In [1]:
# Set random seed to 42
set.seed(42)

# Install Package and Import Library
install.packages("kernlab")
library(kernlab)

package 'kernlab' successfully unpacked and MD5 sums checked


"restored 'kernlab'"


The downloaded binary packages are in
	C:\Users\sjarr\AppData\Local\Temp\RtmpMrsT2S\downloaded_packages


In [2]:
# Load the Dataset
data <- read.table("credit_card_data-headers.txt", 
                   stringsAsFactors=FALSE, 
                   header=TRUE)
head(data)

A1,A2,A3,A8,A9,A10,A11,A12,A14,A15,R1
1,30.83,0.0,1.25,1,0,1,1,202,0,1
0,58.67,4.46,3.04,1,0,6,1,43,560,1
0,24.5,0.5,1.5,1,1,0,1,280,824,1
1,27.83,1.54,3.75,1,0,5,0,100,3,1
1,20.17,5.625,1.71,1,1,0,1,120,0,1
1,32.08,4.0,2.5,1,1,0,0,360,0,1


In [3]:
# Apply KSVM model, scaling the data and using C=100
model <- ksvm(R1~.,
              data=data,
              type="C-svc",
              kernel="vanilladot",
              C=100,
              scaled=TRUE)

# Use model to create predictions, find coefficients a and intercept a0
pred <- predict(model,data[,1:10])
a <- colSums(model@xmatrix[[1]] * model@coef[[1]])
a0 <- - model@b

 Setting default kernel parameters  


In [5]:
model
print(' C: 100')
print(' Coefficients: ')
a
print(paste0(' A0: ', a0))
print(paste0(' Equation: 0 = ', a[1], ' x1 + ', a[2], ' x2 + ', a[3], ' x3 + ', a[4], ' x8 + ',
             a[5], ' x9 + ', a[6], ' x10 + ', a[7], ' x11 + ', a[8], ' x12 + ', a[9], ' x14 + ', a[10], ' x15 + ', a0))
print(paste0(' Accuracy: ', sum(pred == data[,11]) / nrow(data)))

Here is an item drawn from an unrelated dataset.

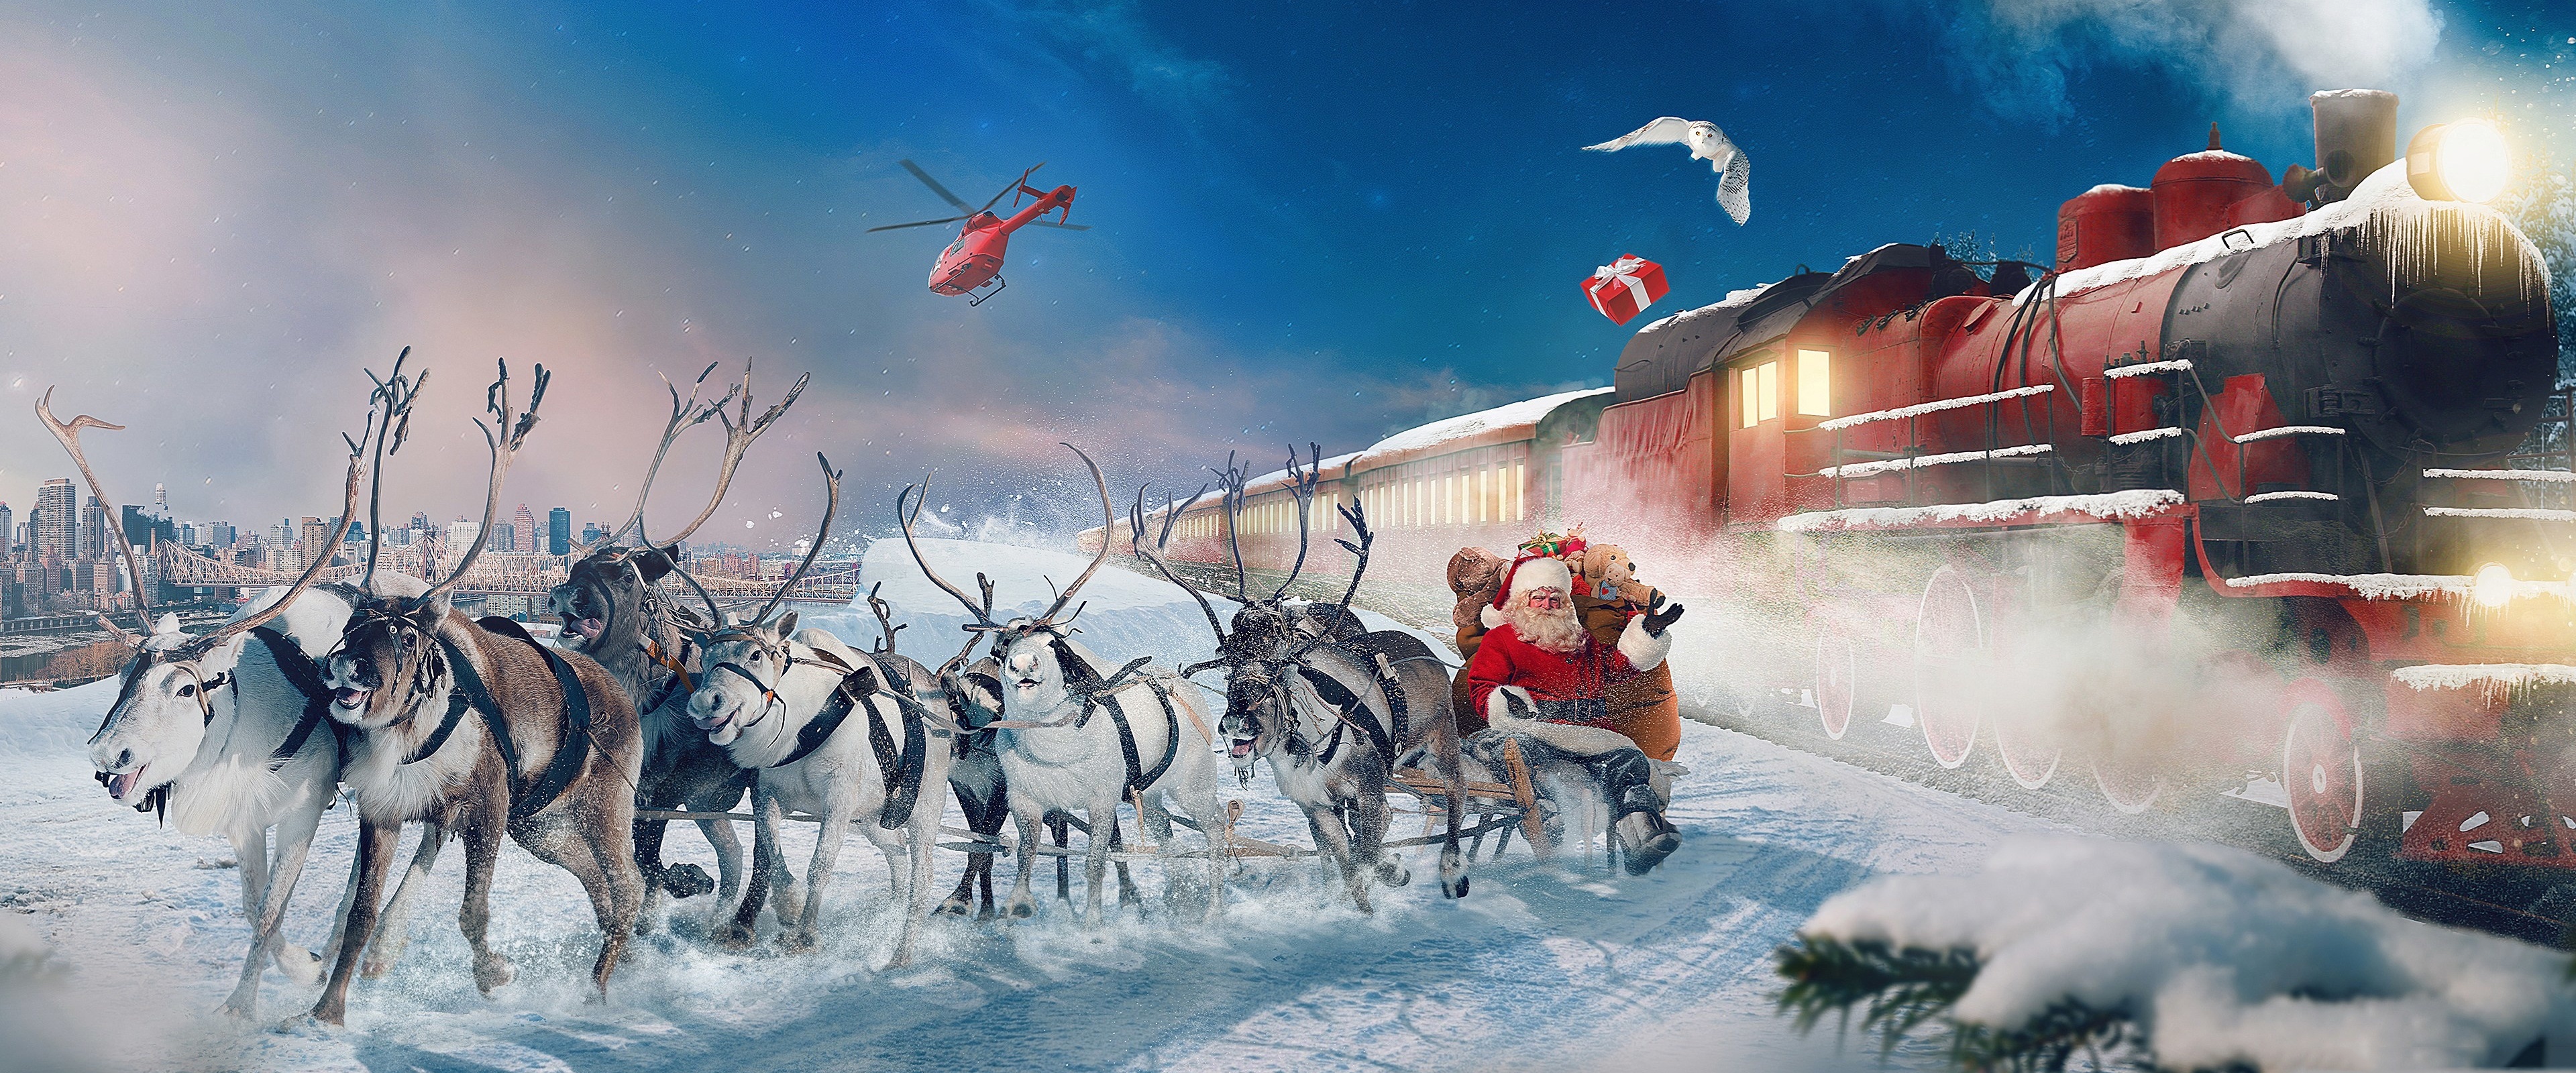 Reindeer Santa Sleigh Train Winter 3840x1600
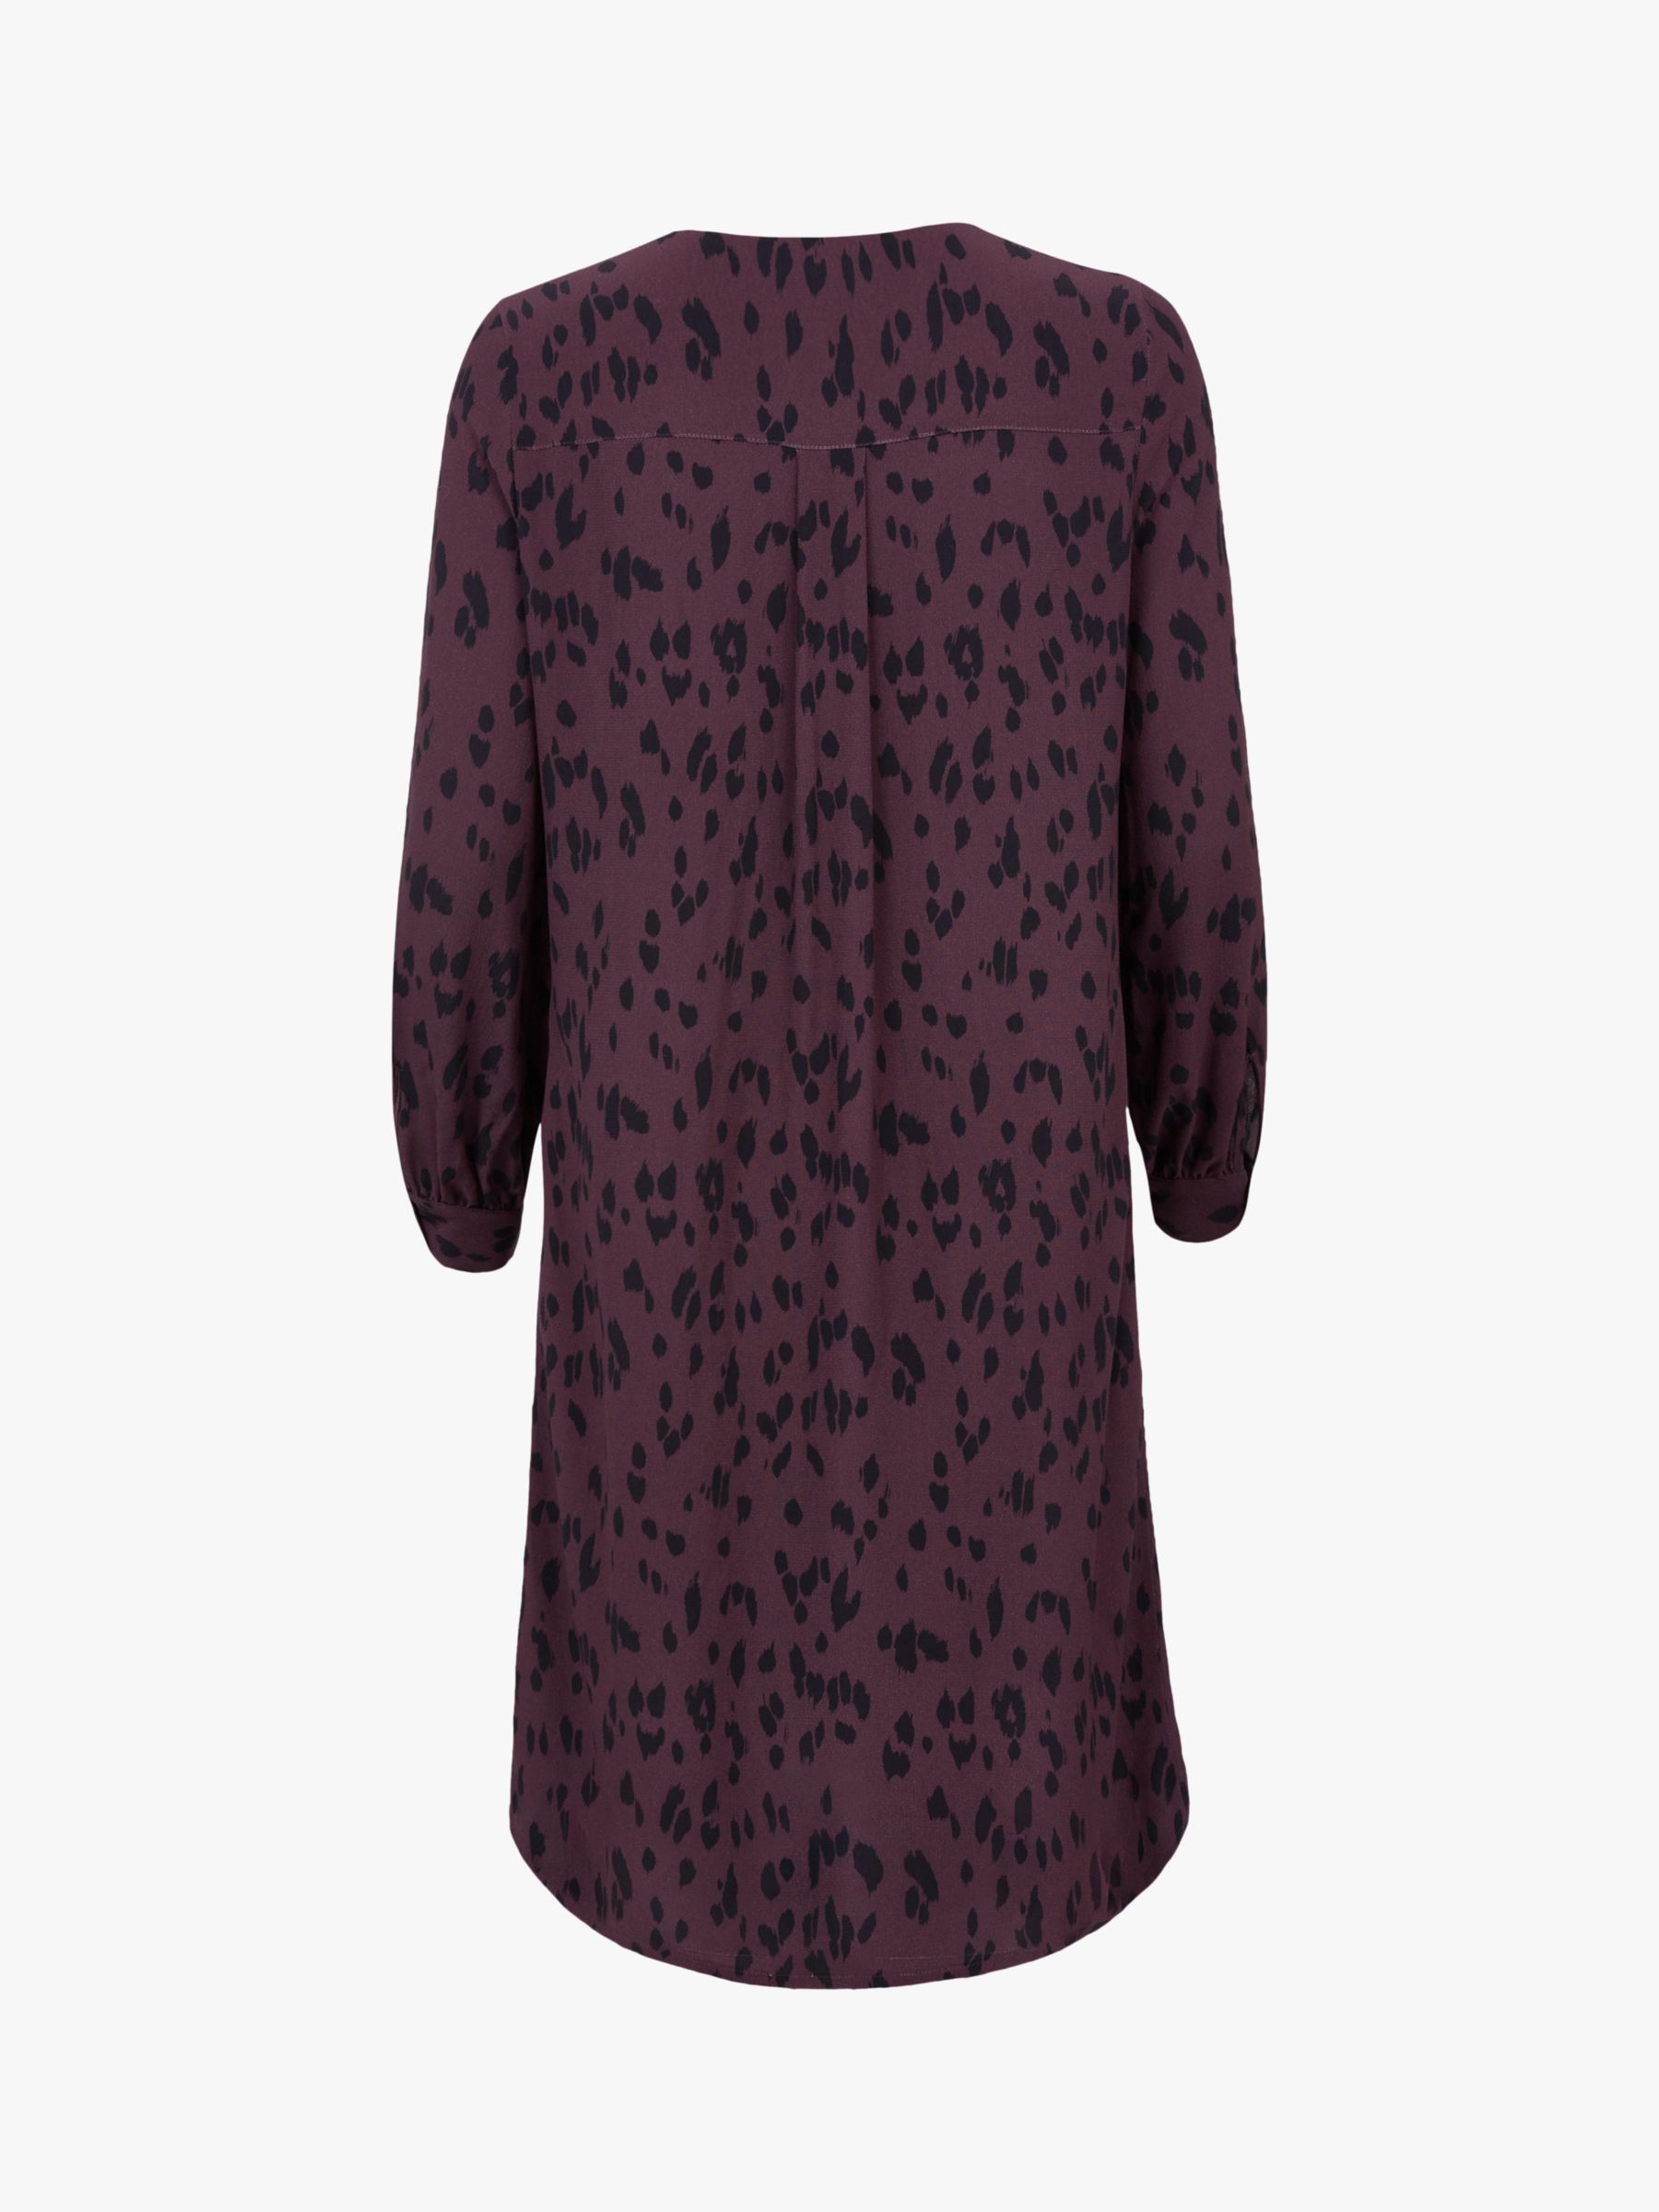 Celtic & Co. Printed Pleat Front Knee Length Dress, Purple/Black, 8

Support Vector Machine object of class "ksvm" 

SV type: C-svc  (classification) 
 parameter : cost C = 100 

Linear (vanilla) kernel function. 

Number of Support Vectors : 189 

Objective Function Value : -17887.92 
Training error : 0.136086 

[1] " C: 100"
[1] " Coefficients: "


[1] " A0: 0.081584921659538"
[1] " Equation: 0 = -0.00100653481057611 x1 + -0.00117290480611665 x2 + -0.00162619672236963 x3 + 0.0030064202649194 x8 + 1.00494056410556 x9 + -0.00282594323043472 x10 + 0.000260029507016313 x11 + -0.000534955143494997 x12 + -0.00122837582291523 x14 + 0.106363399527188 x15 + 0.081584921659538"
[1] " Accuracy: 0.863914373088685"


**Try the same model without scaling the data**

In [6]:
# Apply KSVM model, without scaling the data and using C=100
model <- ksvm(R1~.,
              data=data,
              type="C-svc",
              kernel="vanilladot",
              C=100,
              scaled=FALSE)

# Use model to create predictions, find coefficients a and intercept a0
pred <- predict(model,data[,1:10])
a <- colSums(model@xmatrix[[1]] * model@coef[[1]])
a0 <- - model@b

 Setting default kernel parameters  


In [8]:
model
print(' C: 100 ')
print(' Coefficients: ')
a
print(paste0(' A0: ', a0))
print(paste0(' Accuracy: ', sum(pred == data[,11]) / nrow(data)))

Support Vector Machine object of class "ksvm" 

SV type: C-svc  (classification) 
 parameter : cost C = 100 

Linear (vanilla) kernel function. 

Number of Support Vectors : 186 

Objective Function Value : -2213.731 
Training error : 0.278287 

[1] " C: 100 "
[1] " Coefficients: "


[1] " A0: 0.525539327910409"
[1] " Accuracy: 0.7217125382263"


**Discussion:**
Scaling the data resulted in higher accuracy in the model's predictions (scaled: 0.86, not scaled: 0.52). The coefficients, _a_, and intercept, _a0_ are very different between the two models. In this scenario, scaling the data improves the model's ability to make accurate predictions.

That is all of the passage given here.